Supervisors set Sept. 14 for recall election on Sonoma County District Attorney Jill Ravitch

Sonoma County District Attorney Jill Ravitch says the recall effort financed by developer Bill Gallaher is “one man’s vendetta against me.”|

Sonoma County voters will decide whether to recall District Attorney Jill Ravitch four months from now in a single-issue special election that will cost $600,000 to $900,000 and come just nine months before the next regular vote to decide who serves as the county’s chief prosecutor.

The recall election — scheduled for Sept. 14 by the Board of Supervisors — is driven by Sonoma County developer Bill Gallaher, who by late April had poured nearly $800,000 into an effort to gather more than 32,000 signatures from registered voters to prompt the vote.

Campaign finance records show Gallaher as the lone donor to the pro-recall campaign in the past two years, while Ravitch supporters have contributed just over $18,000, mostly in amounts of $100, to her defense.

Gallaher, the CEO of Gallaher Homes and founder of Oakmont Senior Living and Poppy Bank, is expected to mount a vigorous and expensive campaign to remove Ravitch, who has announced she will not seek a fourth term in the regular election in June 2022.

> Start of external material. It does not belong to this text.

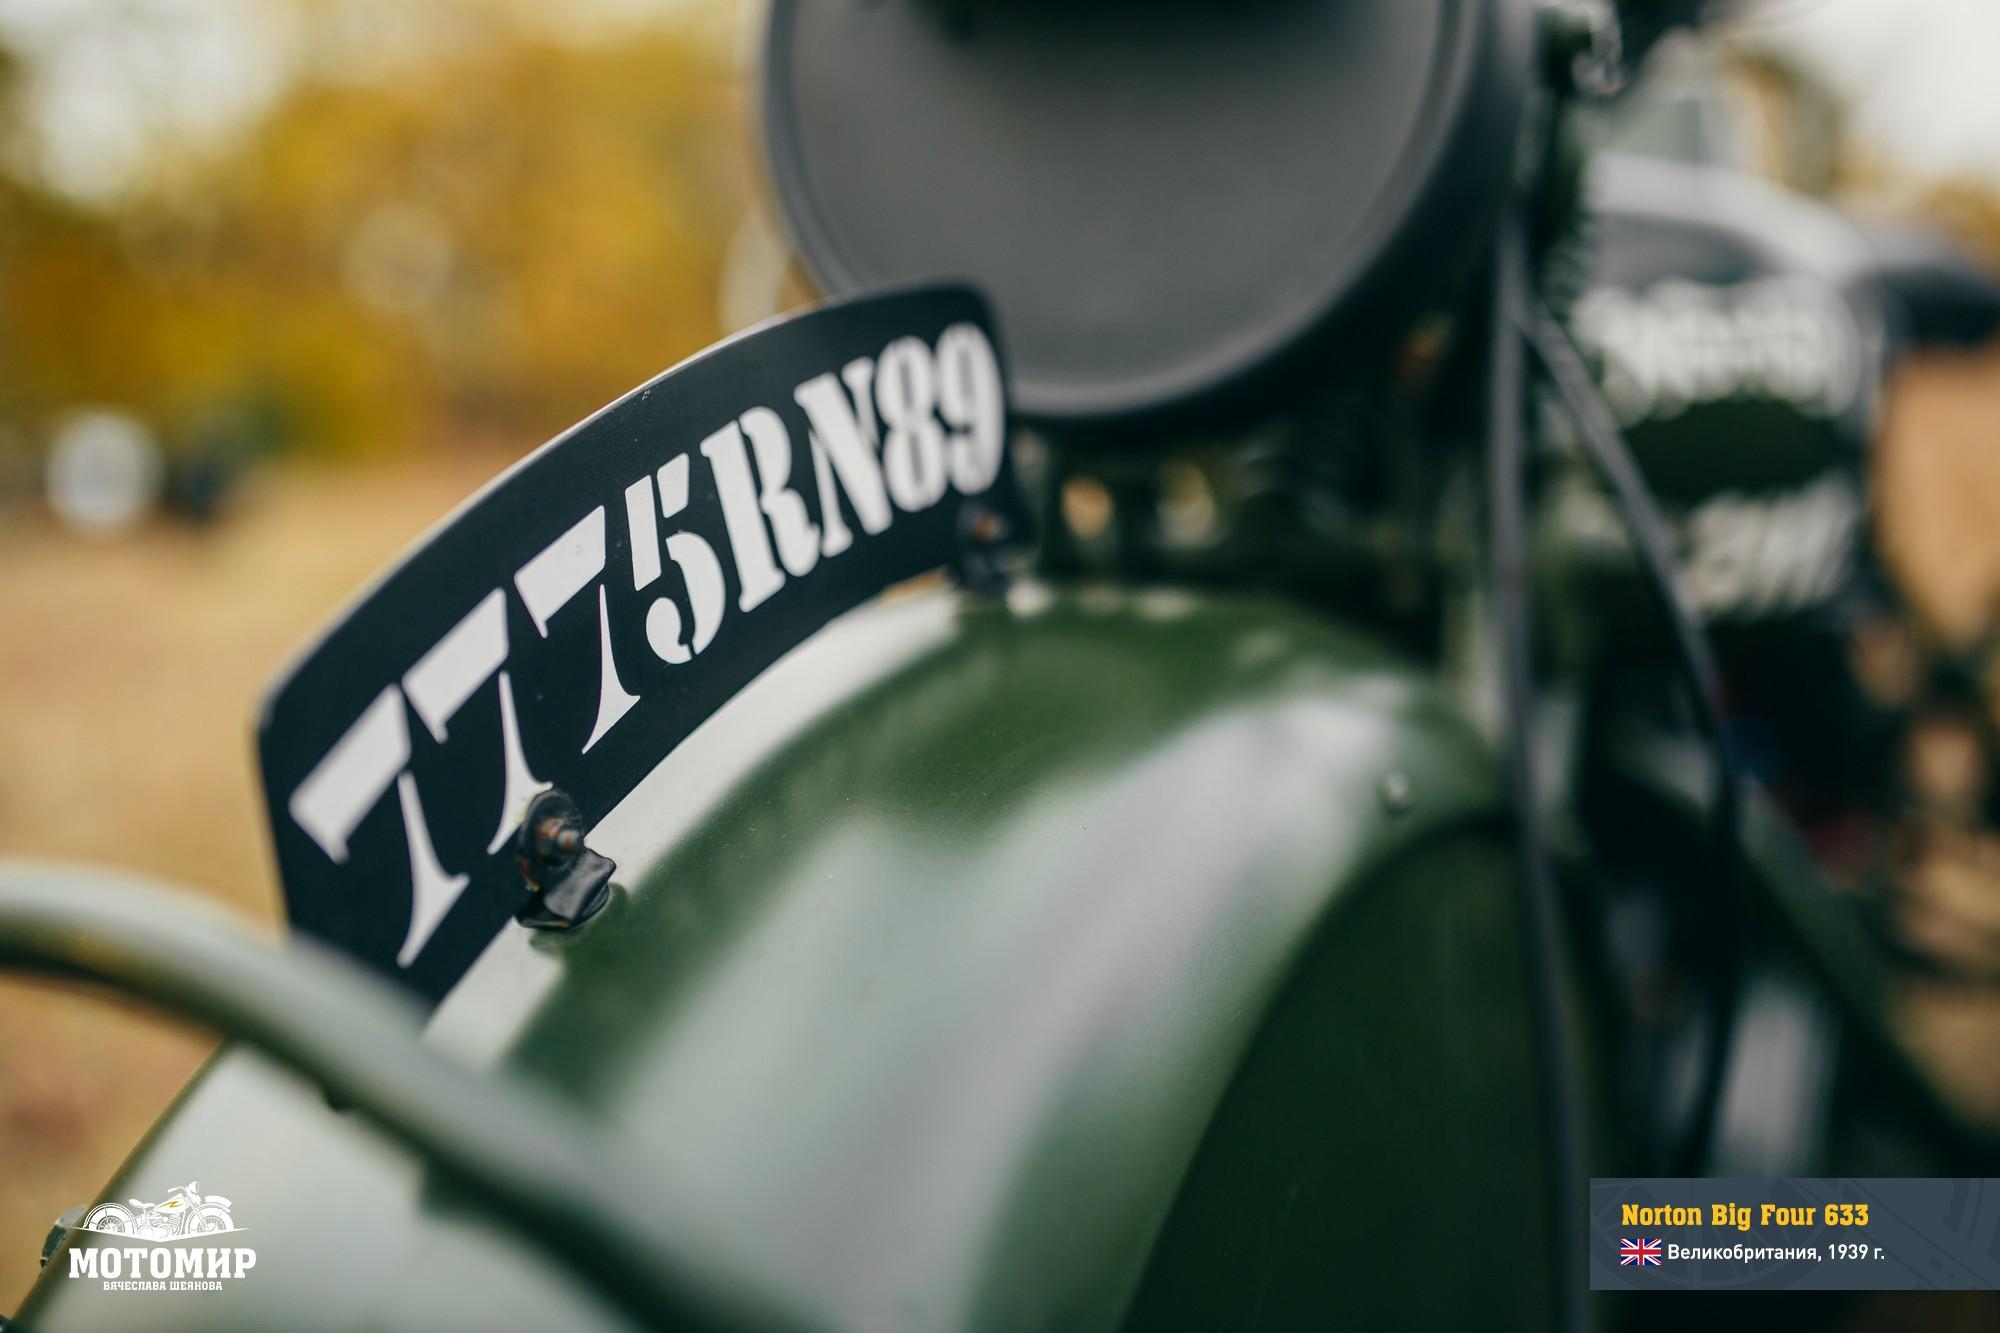 norton-big-four-201510-web-25

“This is one man’s vendetta against me for doing the job I was supposed to do,” Ravitch said Tuesday. She was referring to her office’s prosecution of Gallaher’s companies for failures in the 2017 Tubbs fire, when 100 elderly and infirm residents were abandoned in two Fountaingrove care homes and had to be rescued by loved ones and first responders. “It’s a revenge campaign. Mr. Gallaher seems hellbent on getting me out of office.”

Multiple efforts to reach Gallaher or a representative of the recall campaign for comment Tuesday were unsuccessful, including a call to the office of Gallaher Homes, messages to several Oakmont Senior Living officials and Matt Rexroad, a Recall Ravitch campaign consultant.

“We launched the recall campaign against Jill Ravitch because it is critical that we have steady, competent leadership overseeing public safety in our county,” Gallaher said in a statement two weeks ago.

“Pressing issues of inequality, injustice and fire safety failures have been ignored or inflamed by Ravitch,” the campaign said on its signature gathering petition.

In late September, Ravitch announced publicly she would retire at the end of 2022 when her third term expires. Less than one week later, Gallaher initiated the recall campaign.

Ravitch’s office investigated and prosecuted Oakmont Senior Living, Gallaher’s Windsor-based development company, and two affiliates over abandoning seniors who had no means of evacuating themselves from two Santa Rosa care homes during the Tubbs fire.

The recall campaign began less than two months after one of the Oakmont Senior Living affiliates paid $500,000 to settle the county’s civil complaint.

Gallaher contributed $295,000 to the recall campaign in 2020 and has donated $496,000 so far this year, the latest campaign finance records show.

The contributions represent the latest high-profile case of political spending by Gallaher or one of his family members.

In a March 2020 election, Gallaher’s daughter, Molly Gallaher Flater, chief operating officer of Windsor-based Gallaher Companies, donated $1.8 million to the opposition campaign against an early tax extension for SMART, the North Bay’s passenger rail system. The tax came up short, and combined spending by the two rival campaigns amounted to more than $3 million, making for the most expensive Sonoma County ballot measure on record.

Ravitch took office in 2011 and has been reelected twice. She oversees a $17 million department that reviews roughly 17,000 cases each year.

“I am proud of the work that we do here,” she said Tuesday, acknowledging she has created detractors. “Every decision I make somebody’s going to be upset — victim or defendant.”

Asked if she intends to campaign against the recall, Ravitch said she would “just do her job every day.”

“I’m going to count on the wisdom of the voters to see through this charade,” she said.

“What really gets me is Mr. Gallaher has spent over $750,00 to get me,” Ravitch said. “Can you imagine what that could have done for this community?”

There are two portions on a recall ballot, the question of whether to remove the officeholder, then the rundown of candidates running to replace the official, said Deva Proto, the county registrar of voters.

Candidates interested in replacing Ravitch may obtain and file the necessary forms beginning at 8 a.m. Wednesday and no later than 5 p.m. July 1 at the Registrar of Voters Office, 435 Fiscal Drive, Santa Rosa.

Those who wish to gather signatures rather than pay a filing fee have until 5 p.m. June 22 to submit them.

If there are no replacement candidates, Ravitch said the supervisors would appoint a replacement, with that person’s term expiring in June 2022.

Proto said she calculated the cost of the recall election at $606,000 to $909,000, depending on several factors including the number of registered voters.

The registrar recommended the Sept. 14 date based on the anticipated workload of elections staff, costs on different dates and the legal requirement that the election could not be consolidated with the Nov. 2 district election or a gubernatorial recall election expected in the fall.